Your goal:
Begin at the line that contains "Asa de puerta" and reproduce it along with every line after it to the end of the listing; skip any pictures.

Given data:

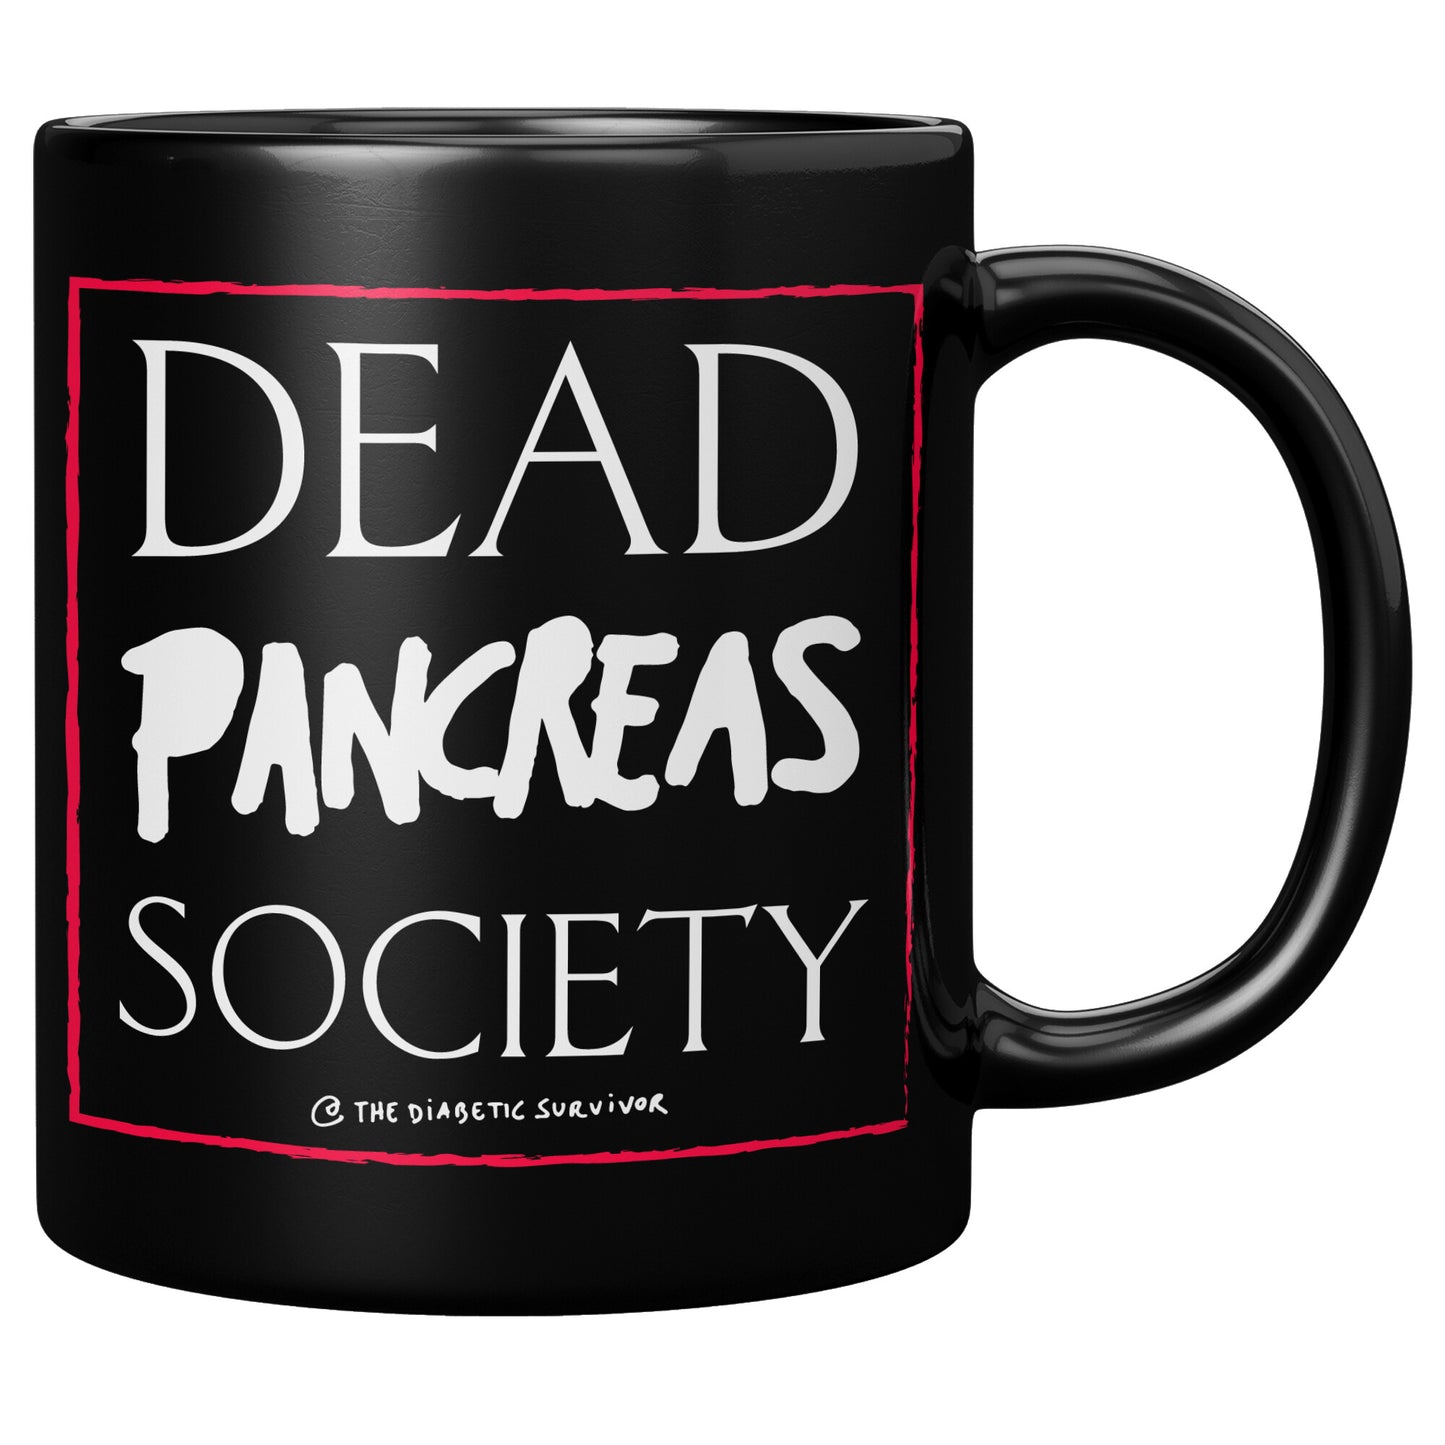 Dead Pancreas Society mug 11oz black
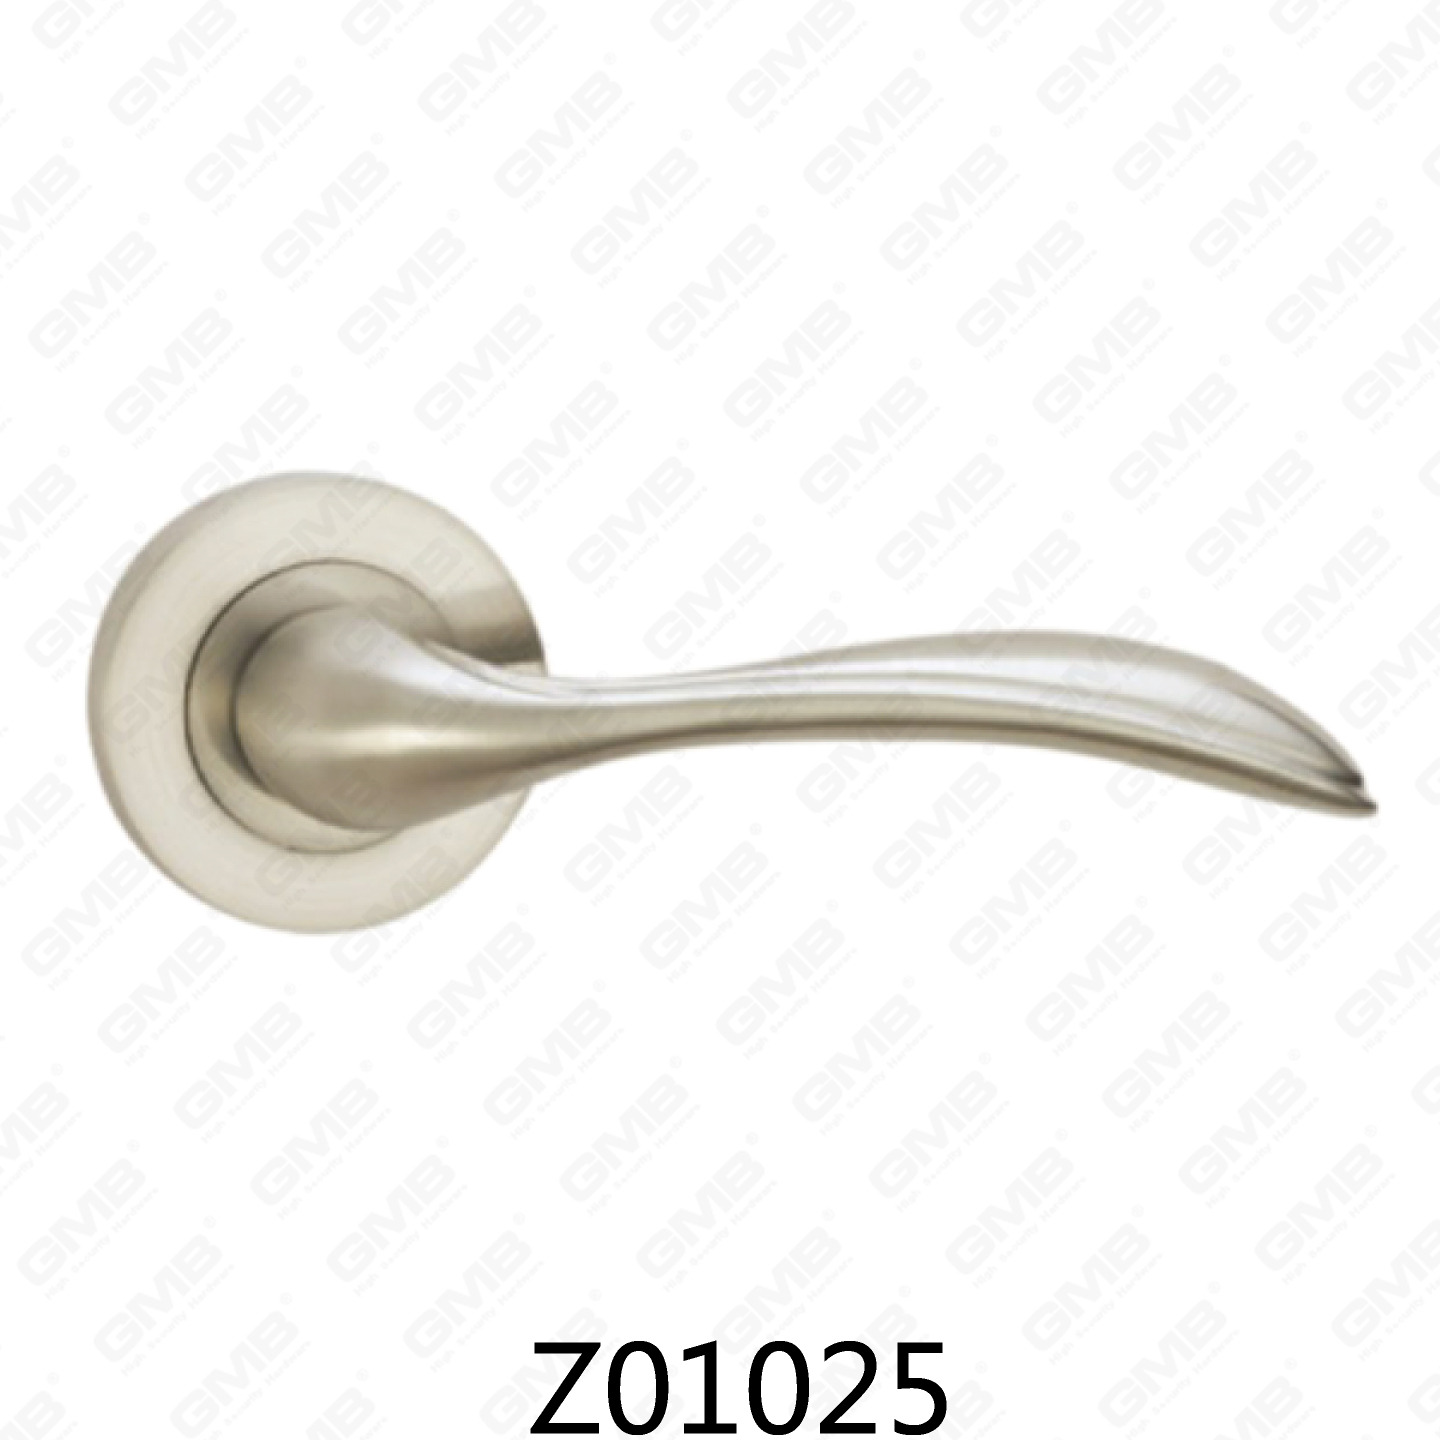 Asa de puerta de roseta de aluminio de aleación de zinc Zamak con roseta redonda (Z01025)
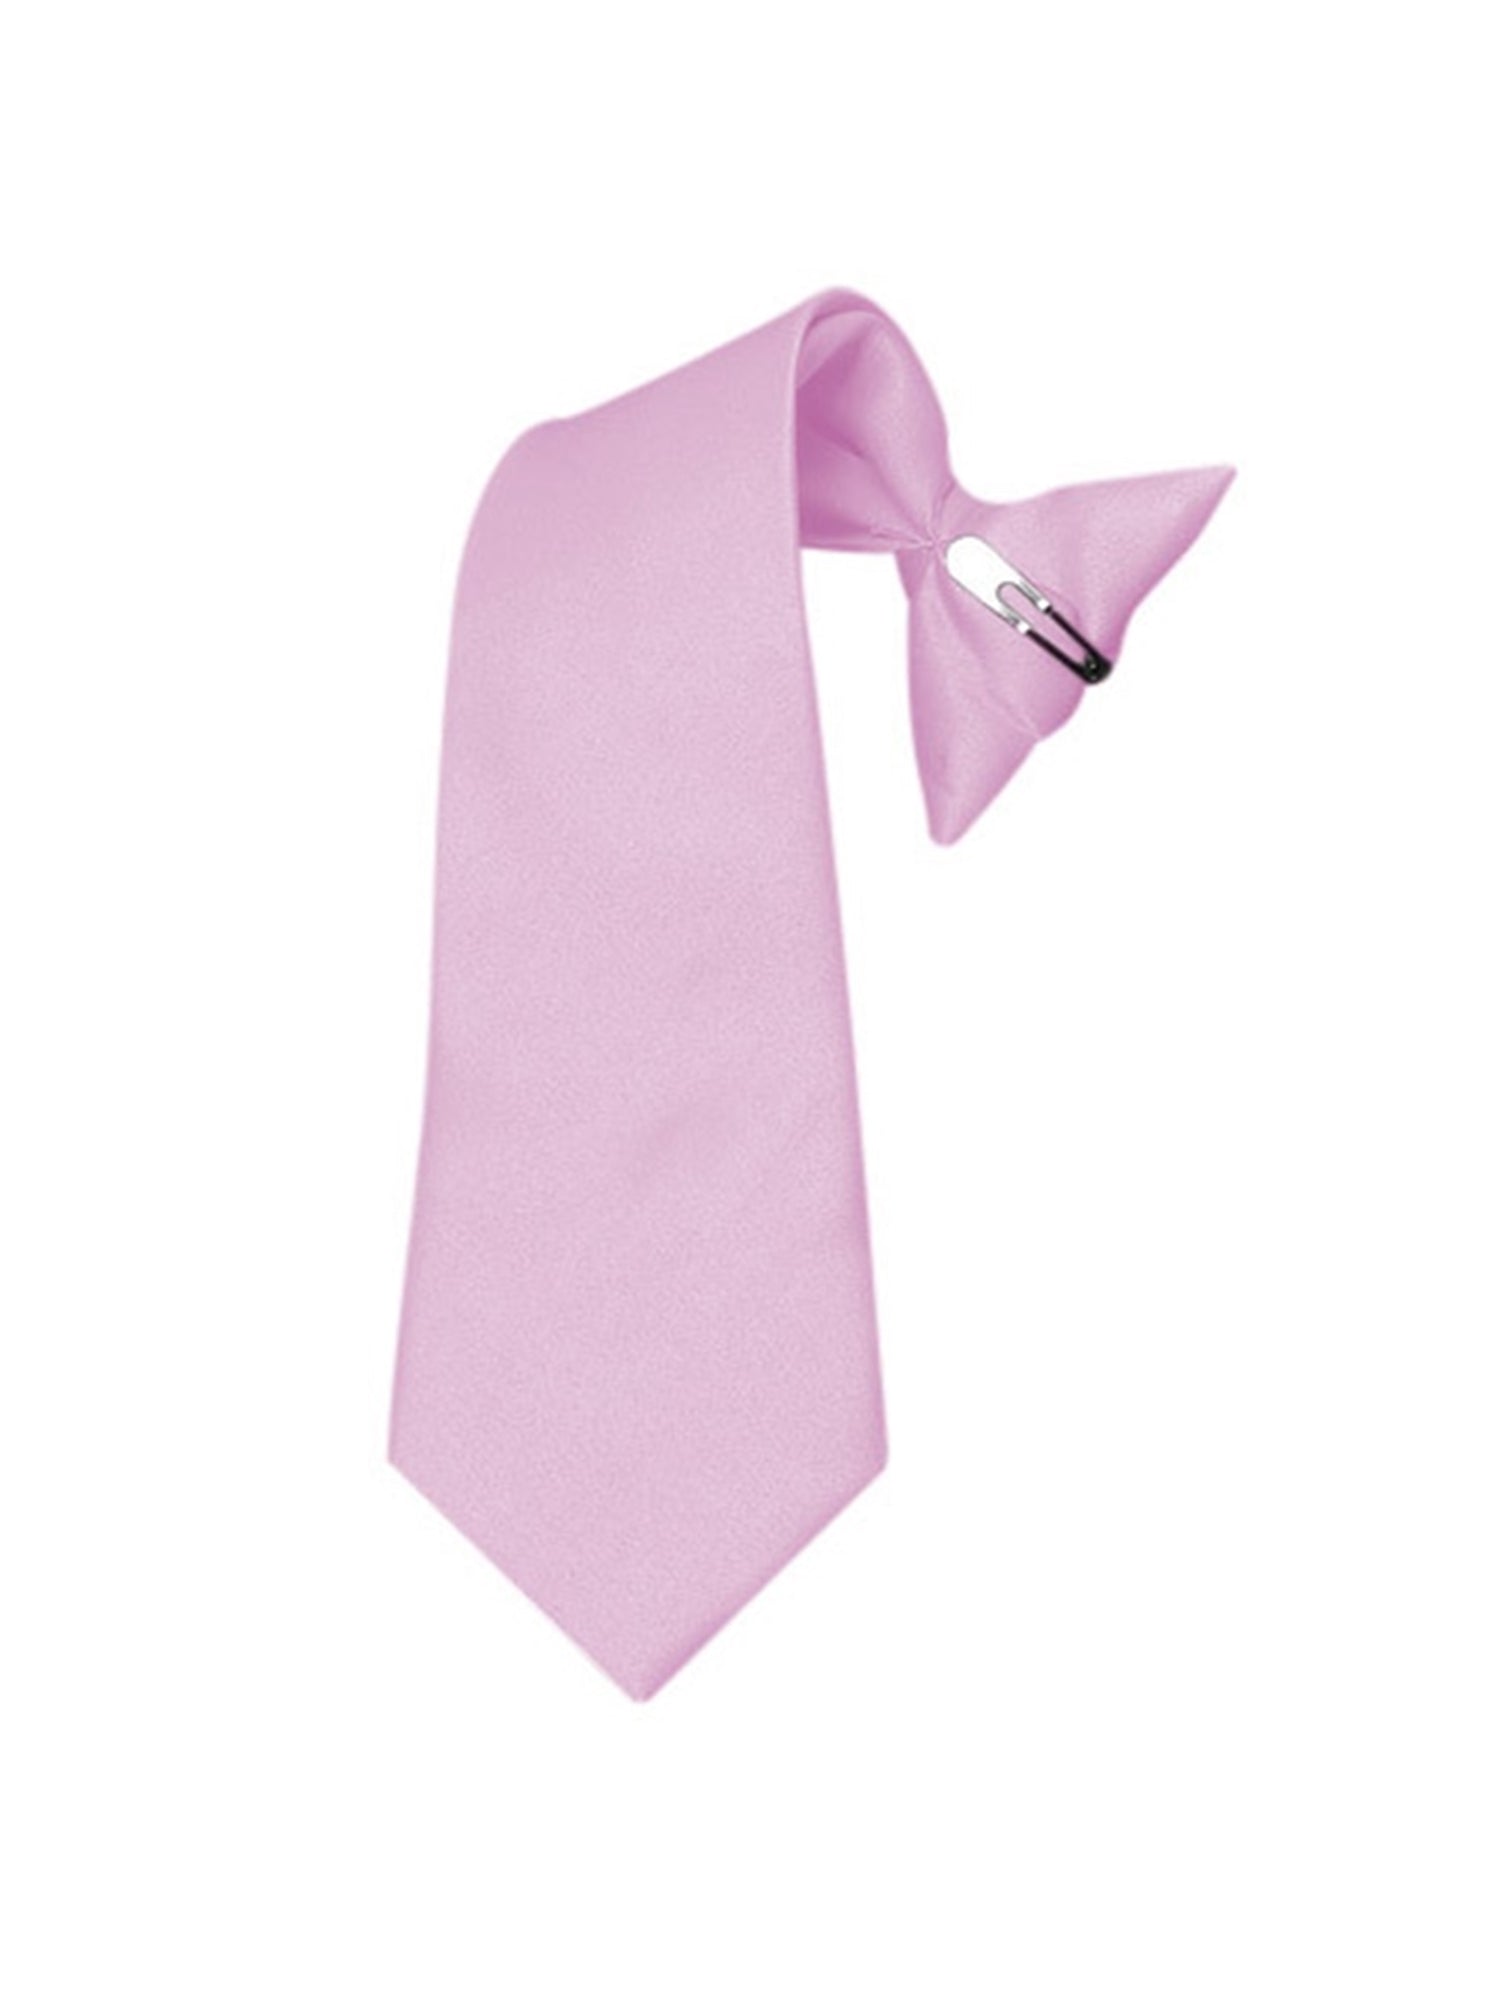 Boy's Solid Color Pre-tied Clip On Neck Tie Neck Tie TheDapperTie Lavender 8" x 2.5" 
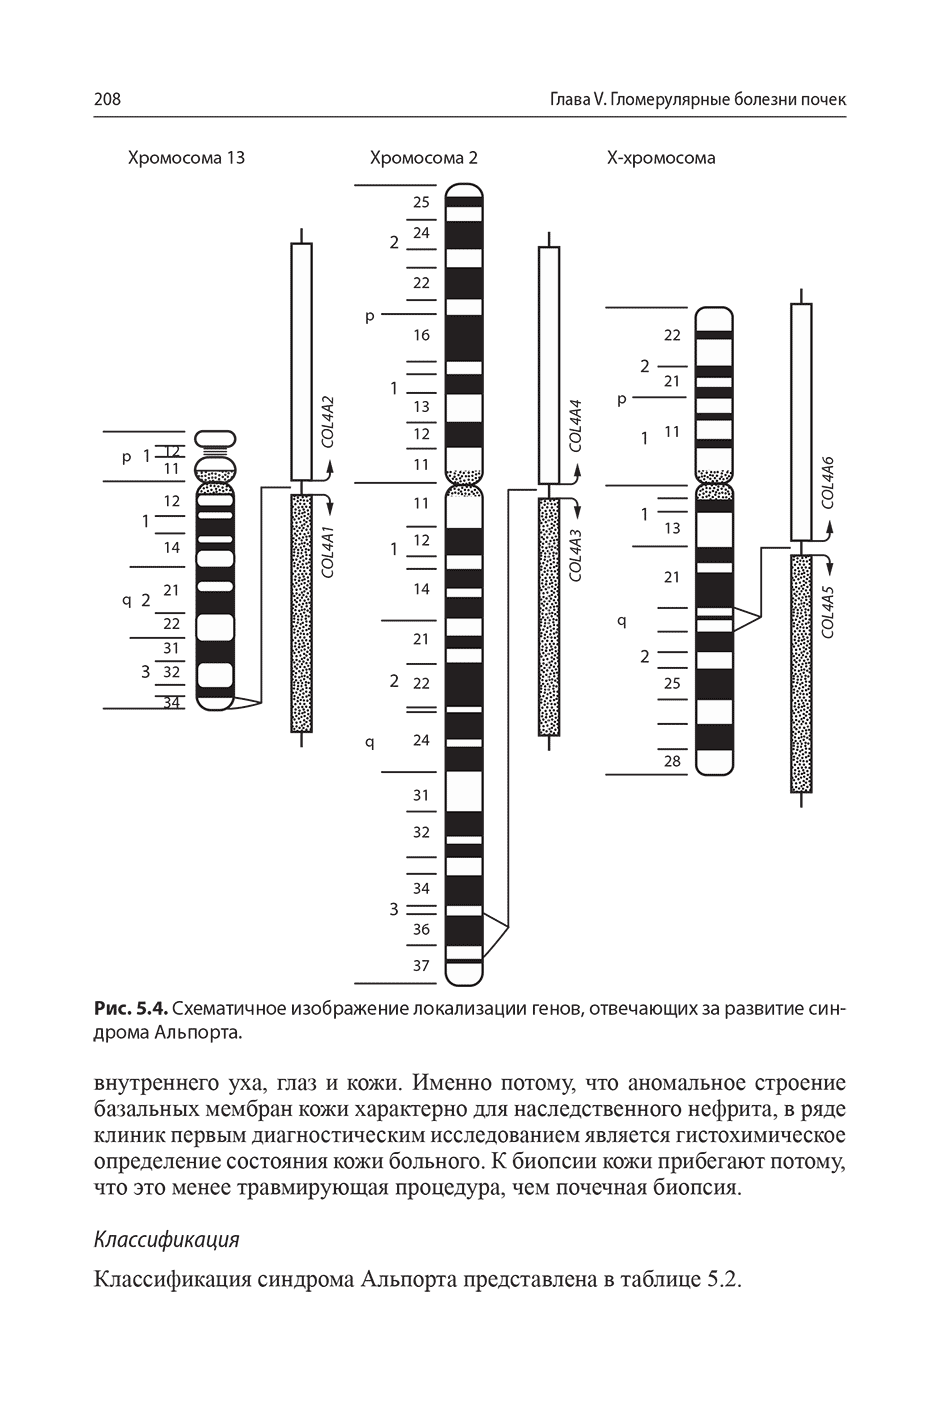 Рис. 5.4. Схематичное изображение локализации генов, отвечающих за развитие

Answer:
 Asa de puerta de roseta de aluminio de aleación de zinc Zamak con roseta redonda (Z01025)
 Boy's Solid Color Pre-tied Clip On Neck Tie Neck Tie TheDapperTie Lavender 8" x 2.5" 
 Рис. 5.4. Схематичное изображение локализации генов, отвечающих за развитие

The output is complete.